Marie de Guise, and the pro-French faction among the nobles, were determined to prevent this, favouring the ‘Auld Alliance’ with France – especially when it came well lubricated with French pensions – and intended her to marry the French heir, Dauphin Francois [son of King Henri II]. In preparation for an escape to France, the queen was sent first to Inchmahome Priory, and then to Dumbarton on the coast. It was at Inchmahome that the four Marys joined her household. In 1548, they set sail for France.
The girls endured a rough crossing – all except the queen were afflicted by seasickness. Livingston and Fleming at least had the consolation of travelling with their families, since Lord Livingston and Lady Fleming as guardian and governess accompanied the queen. On arrival, Mary was immediately taken into the household of King Henri’s children, while her four friends were sent away.

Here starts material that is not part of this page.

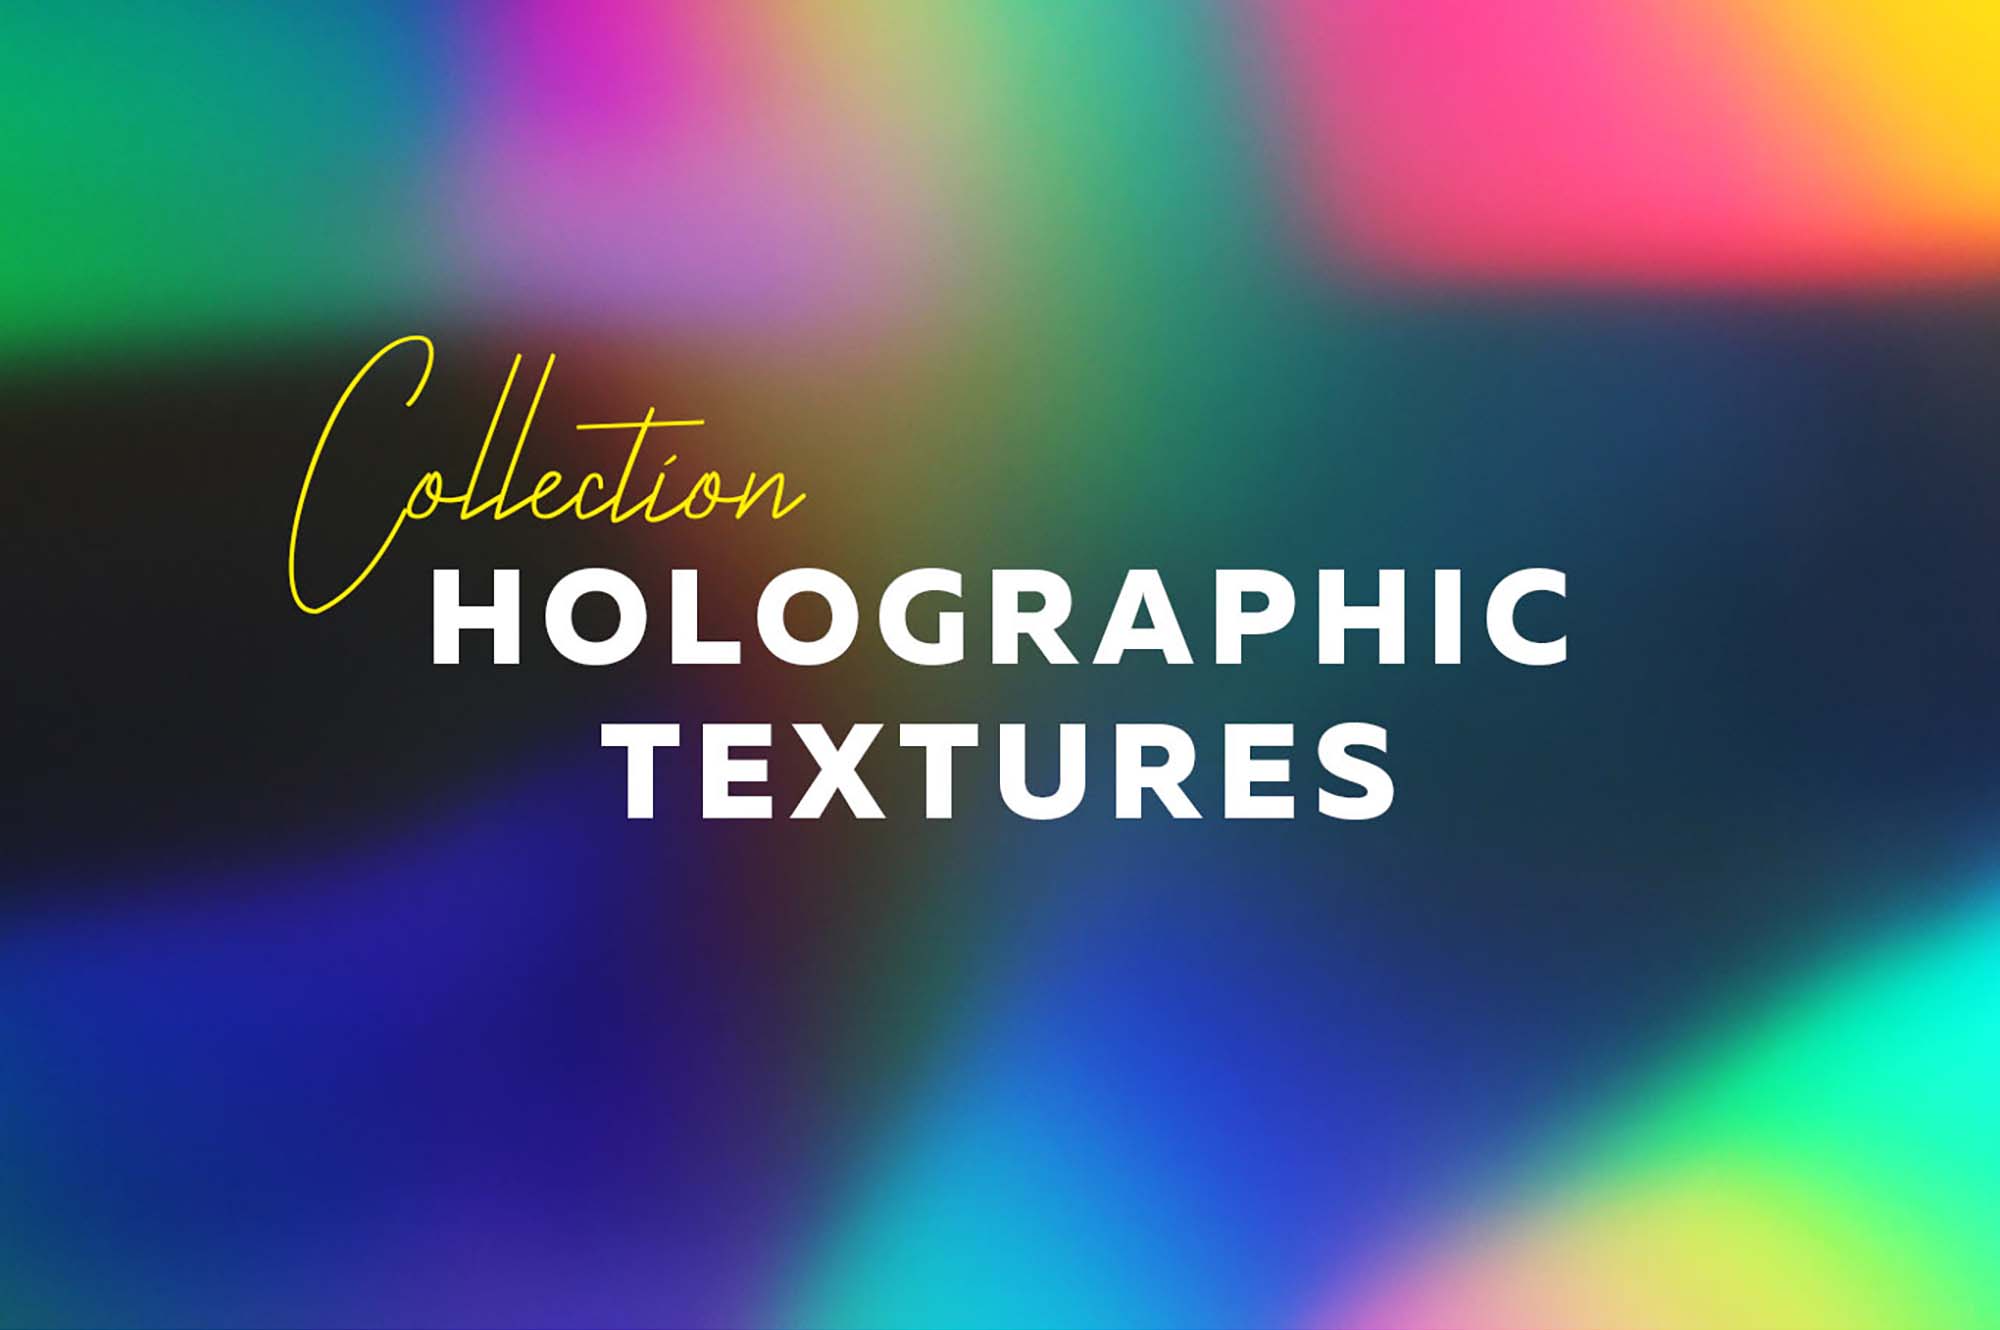 A collection of holographic rainbow textures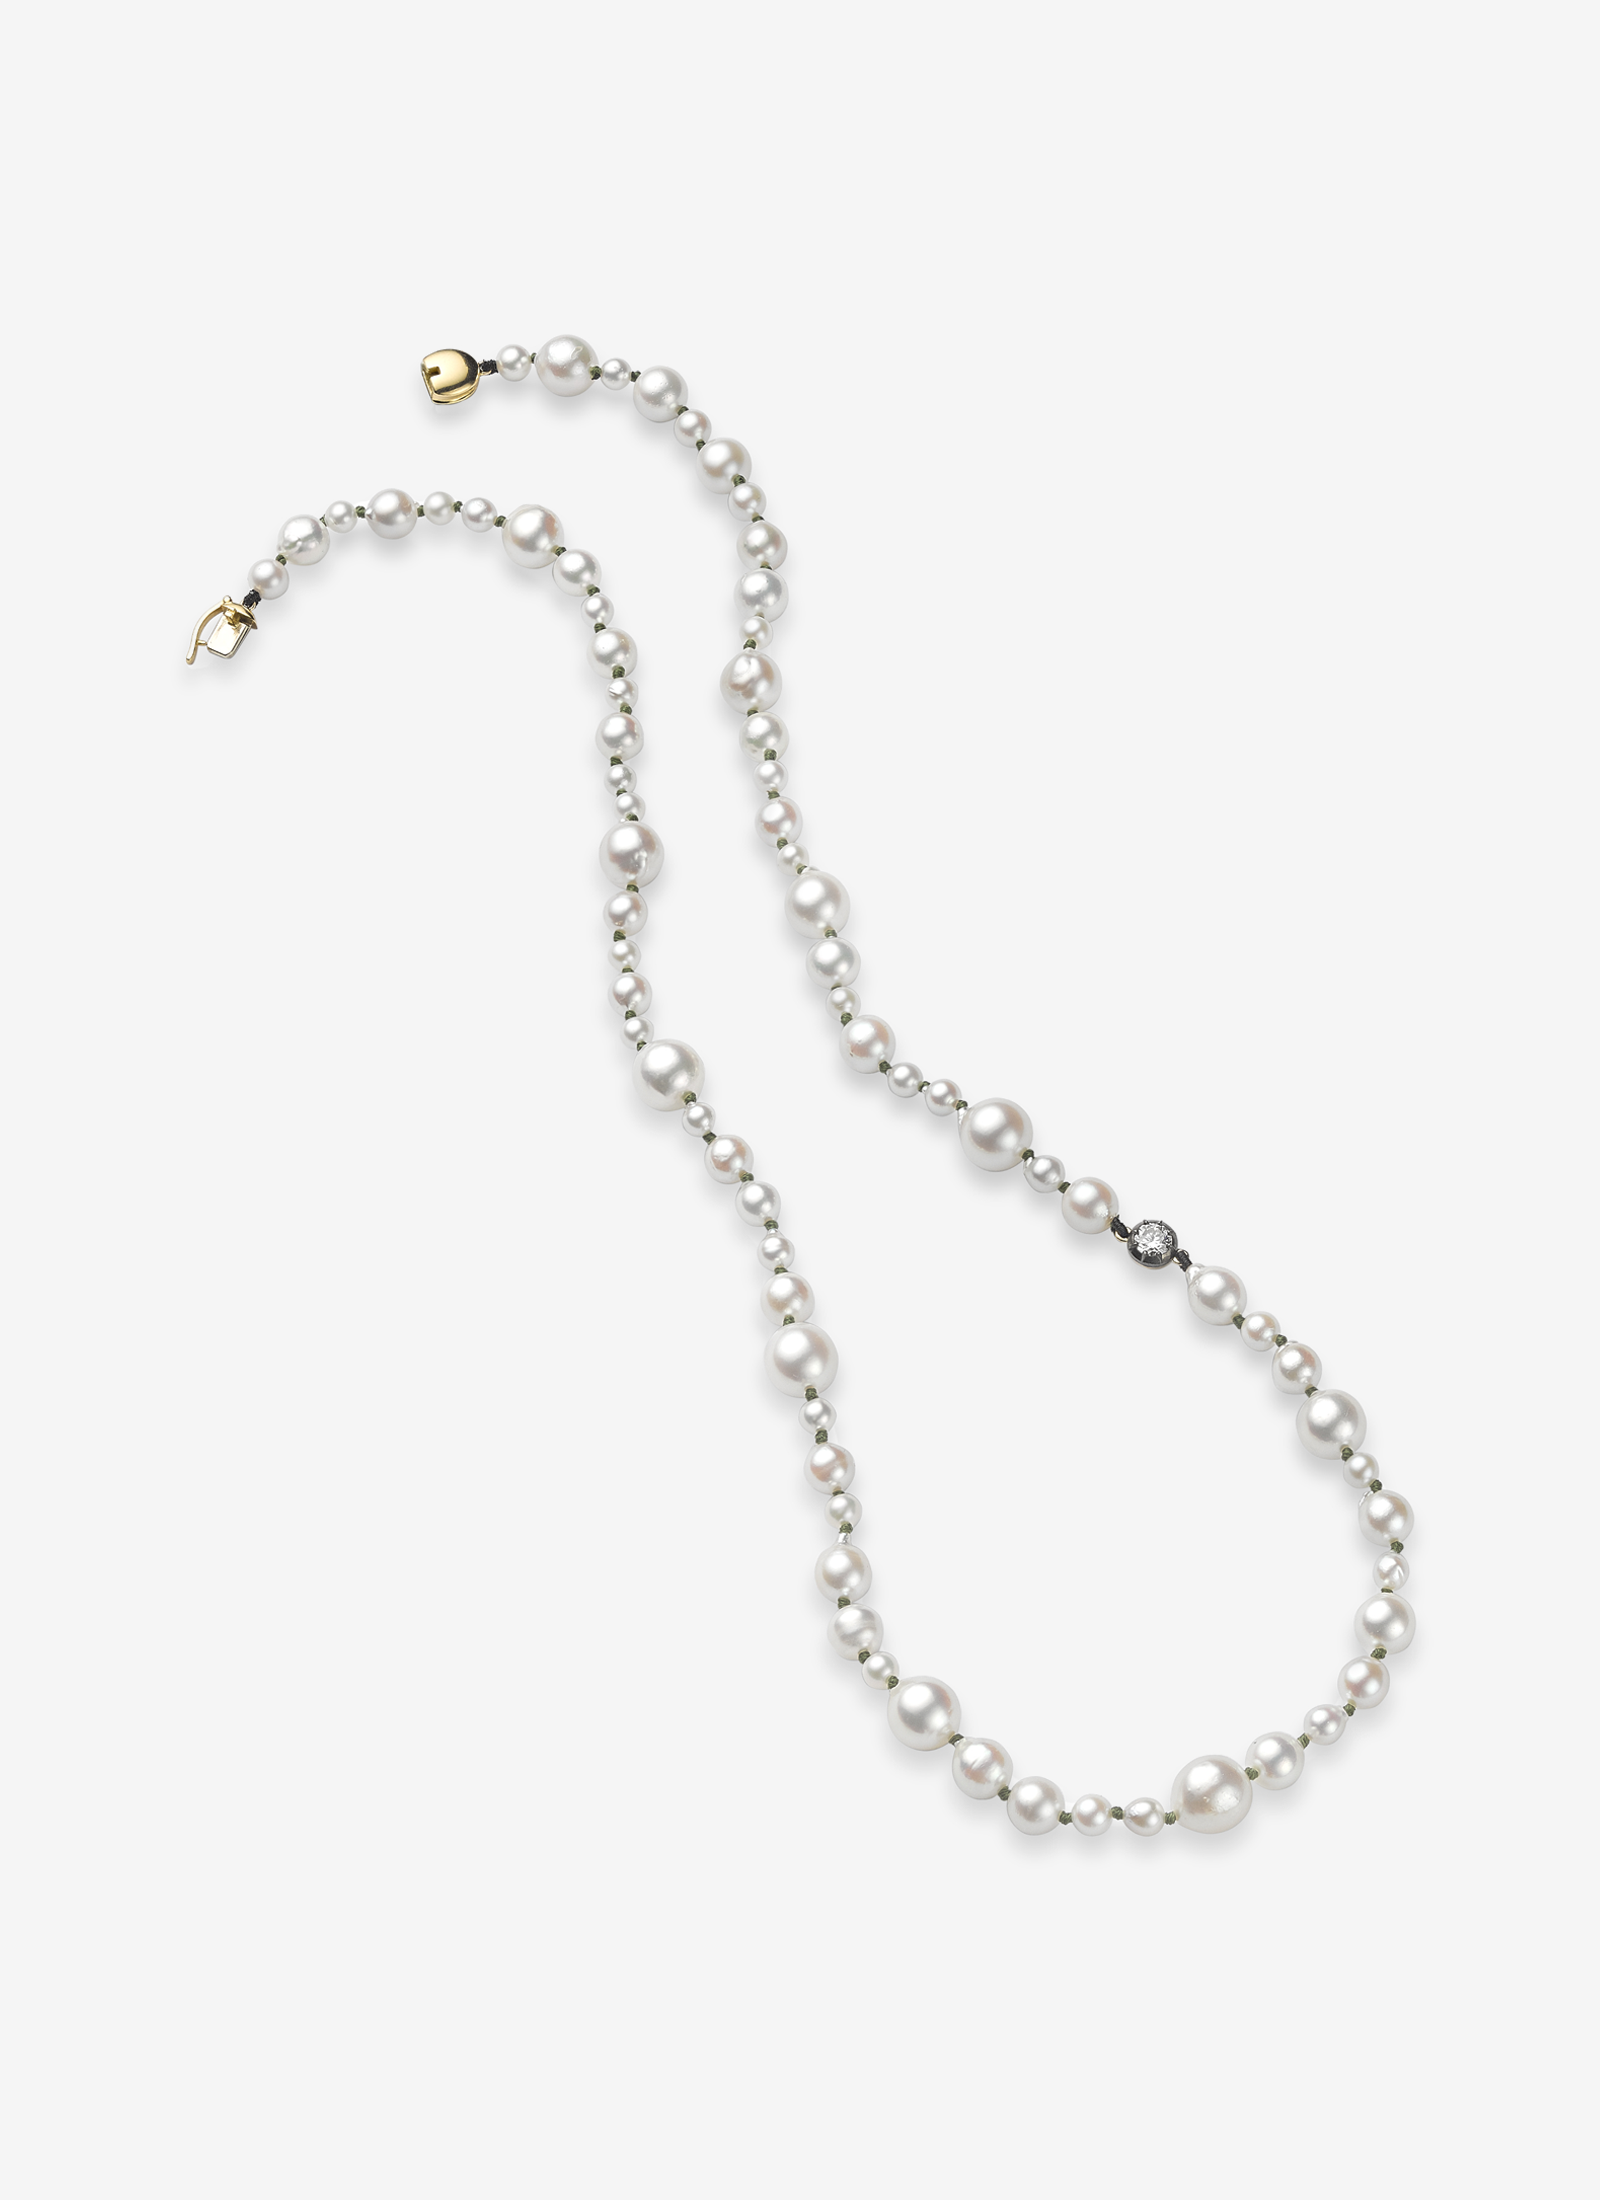 Beaches Pearl Necklace - 21" 18K Gold Necklace with 0.40ct diamond & pearls

Henri II’s motive for separating Mary from her companions was two-fold: first, he wanted her to speak French, rather than Scots, and second, he wanted her closest friends to be his daughters, the Princesses Elisabeth and Claude. Not that Henri was averse to a Scots tete-a-tete – Lady Fleming was sent home in disgrace after bearing him a son.
The four Marys were dispatched to the Dominican Royal Priory of Saint Louis at Poissy. Far from being a backwater, Poissy was at the forefront of Renaissance learning, with close ties to the court. There, the Marys would have received a thorough Humanist education, as well as learning all the skills necessary to be wives of noblemen, and attendants on a queen.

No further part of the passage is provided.